─── Data to use

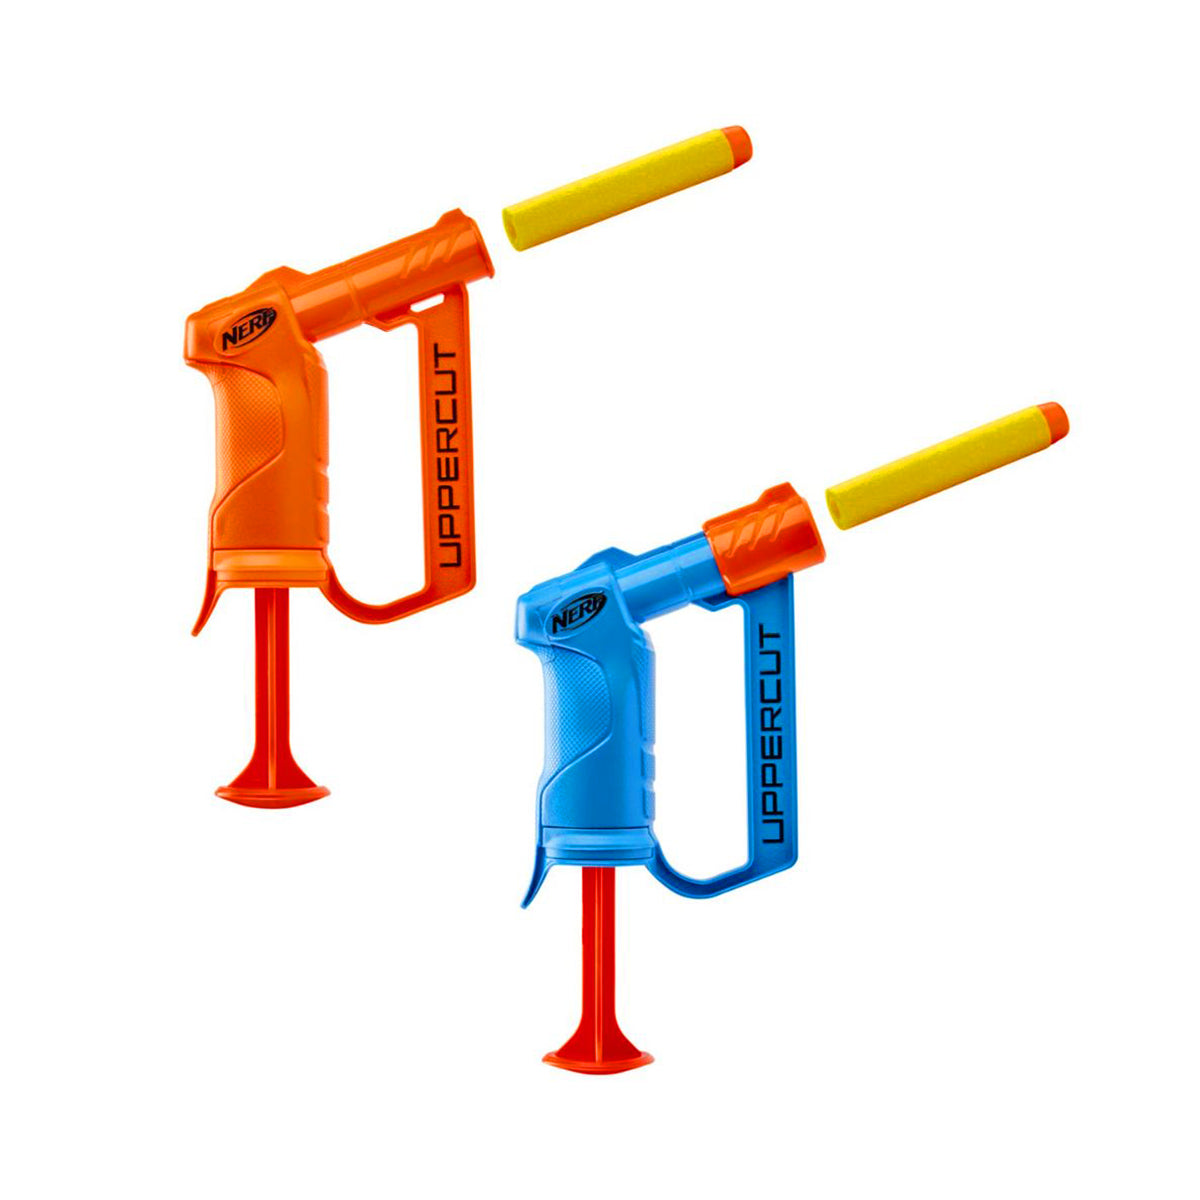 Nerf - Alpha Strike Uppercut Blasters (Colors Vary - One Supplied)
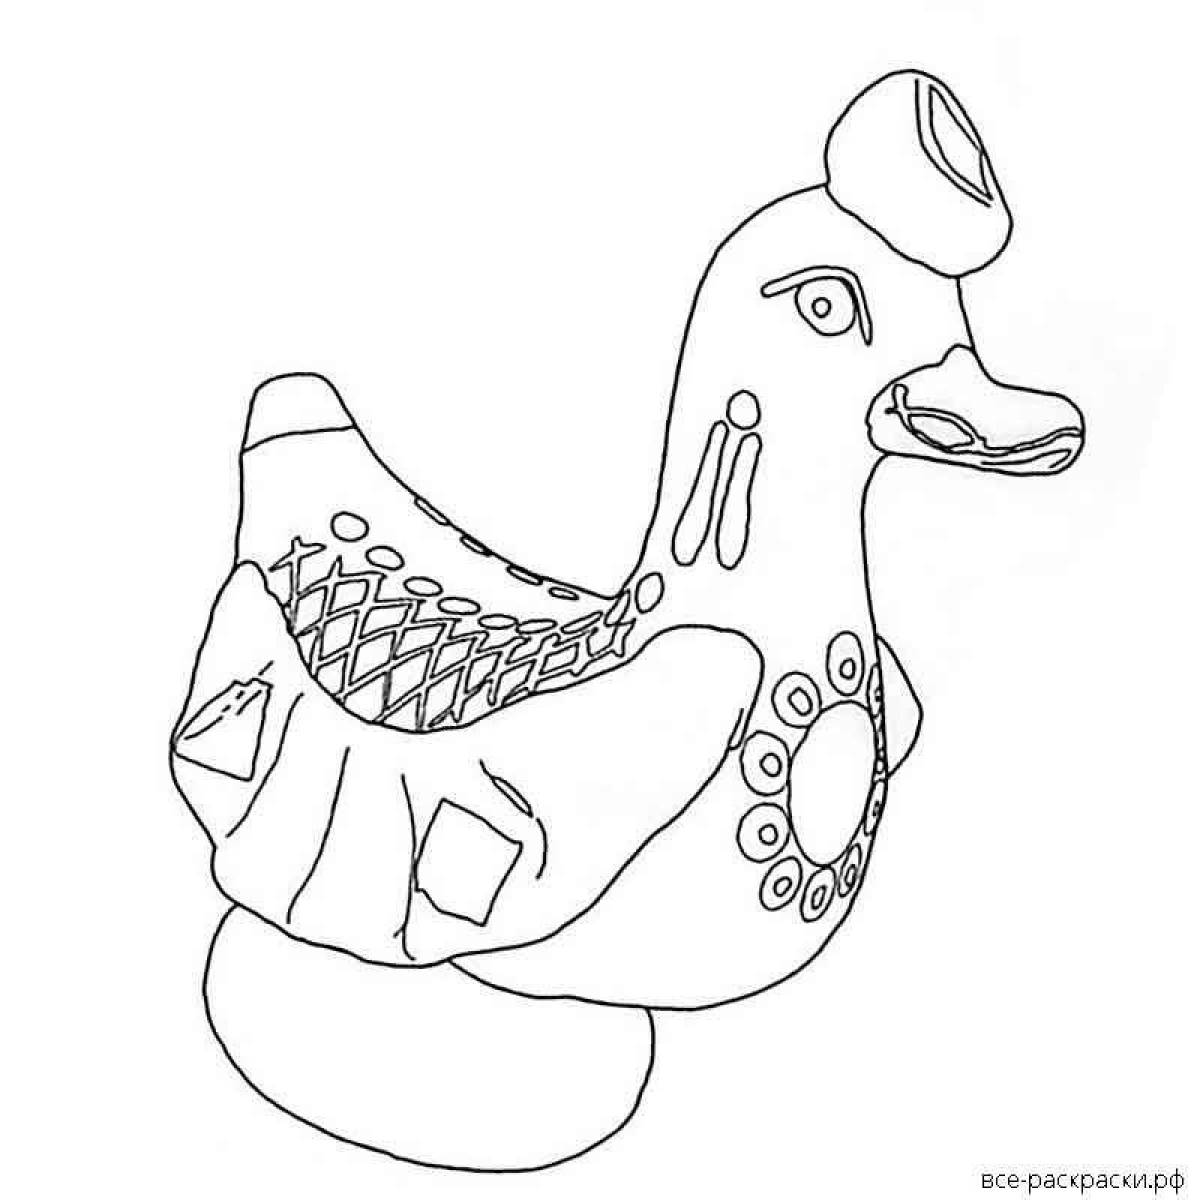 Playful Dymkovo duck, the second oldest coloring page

──────
─── Data to use

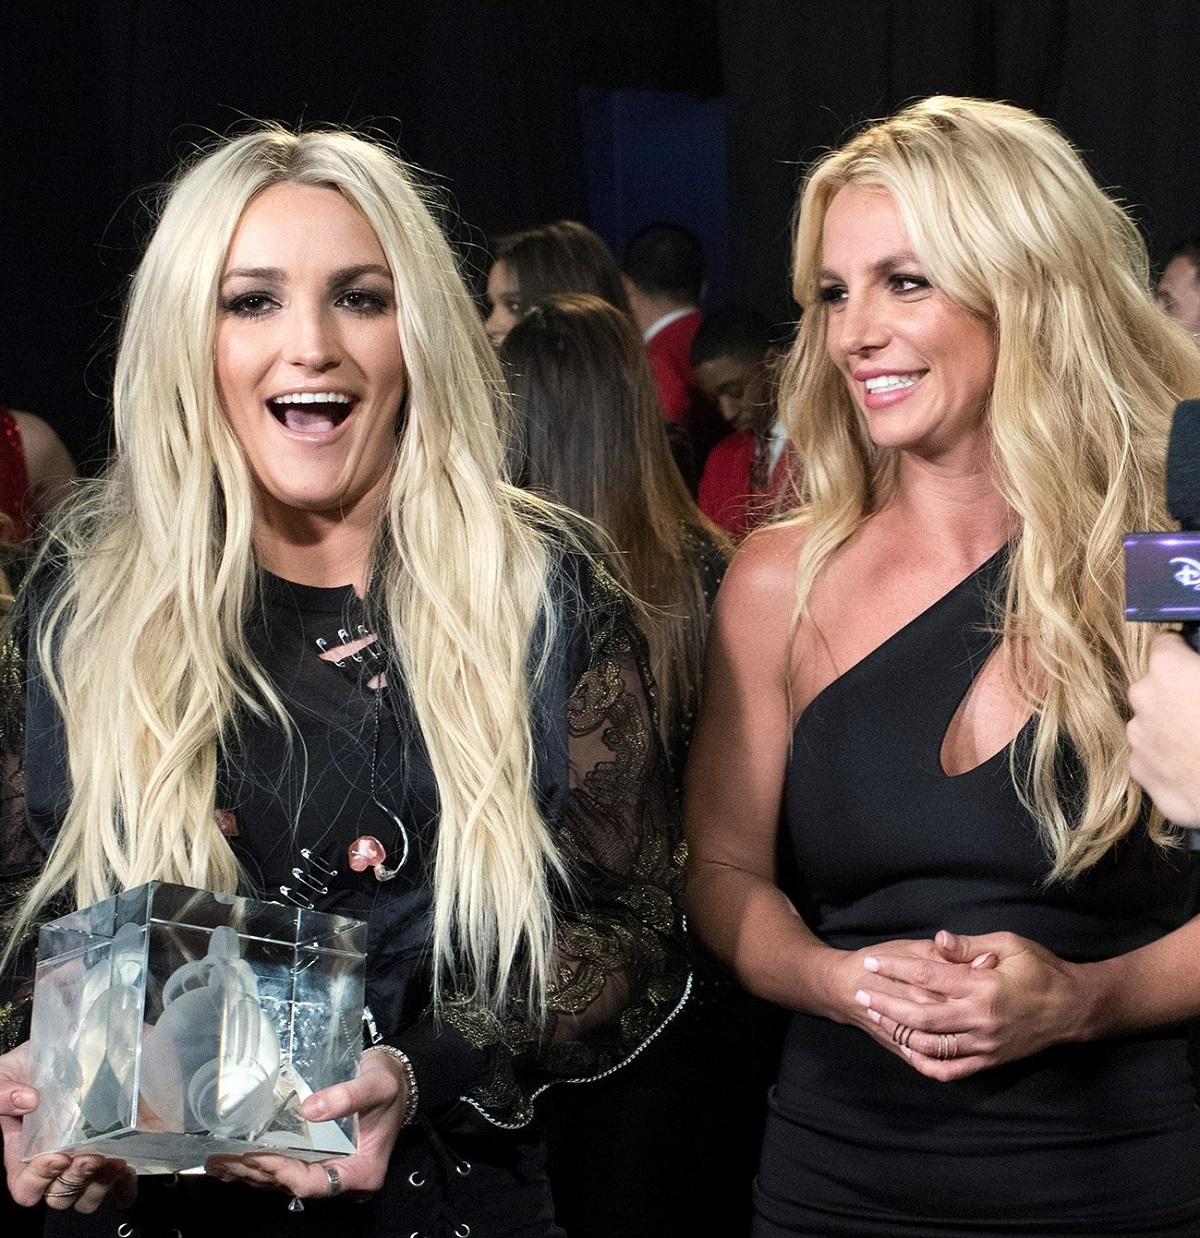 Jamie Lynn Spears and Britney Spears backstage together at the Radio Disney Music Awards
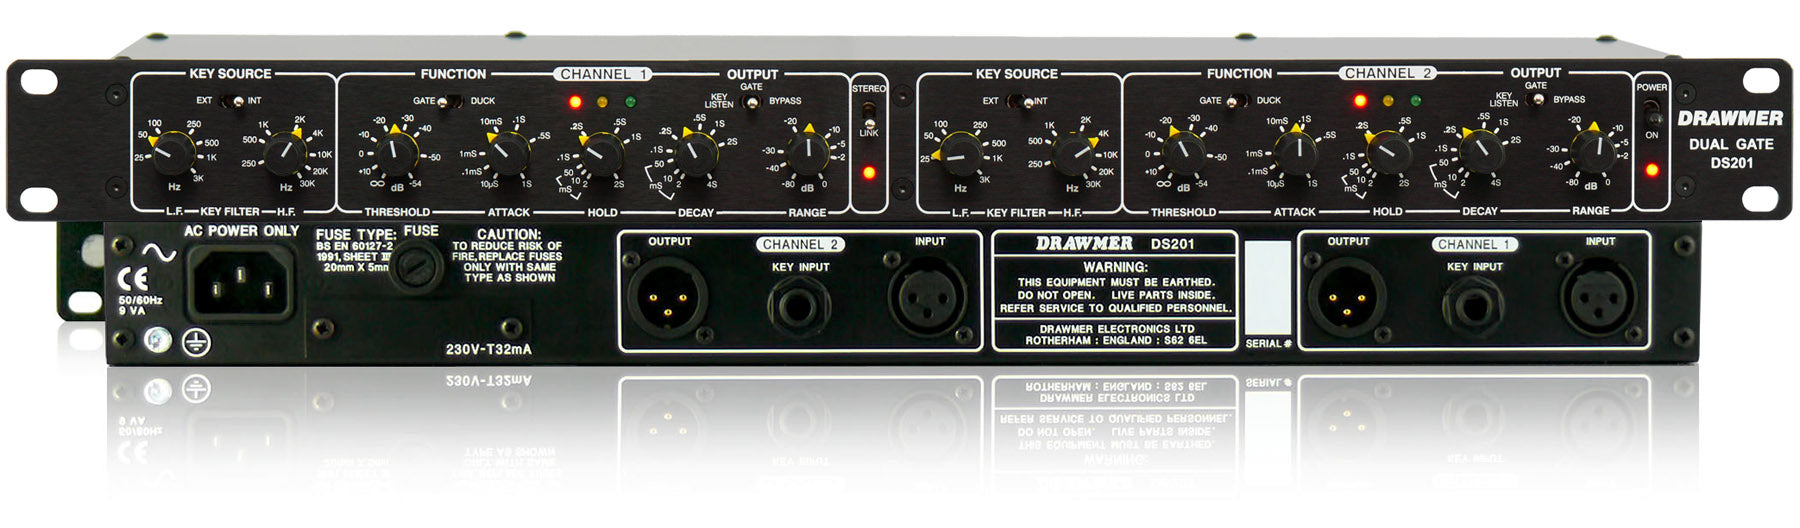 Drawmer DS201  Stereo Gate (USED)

──────

Output exactly the lines of the listing above that start with the one holding "Nerf - Alpha" and go on through the one holding "Playful Dymkovo duck, the"; leave the pictures out.

# Task result
 Nerf - Alpha Strike Uppercut Blasters (Colors Vary - One Supplied)
 Playful Dymkovo duck, the second oldest coloring page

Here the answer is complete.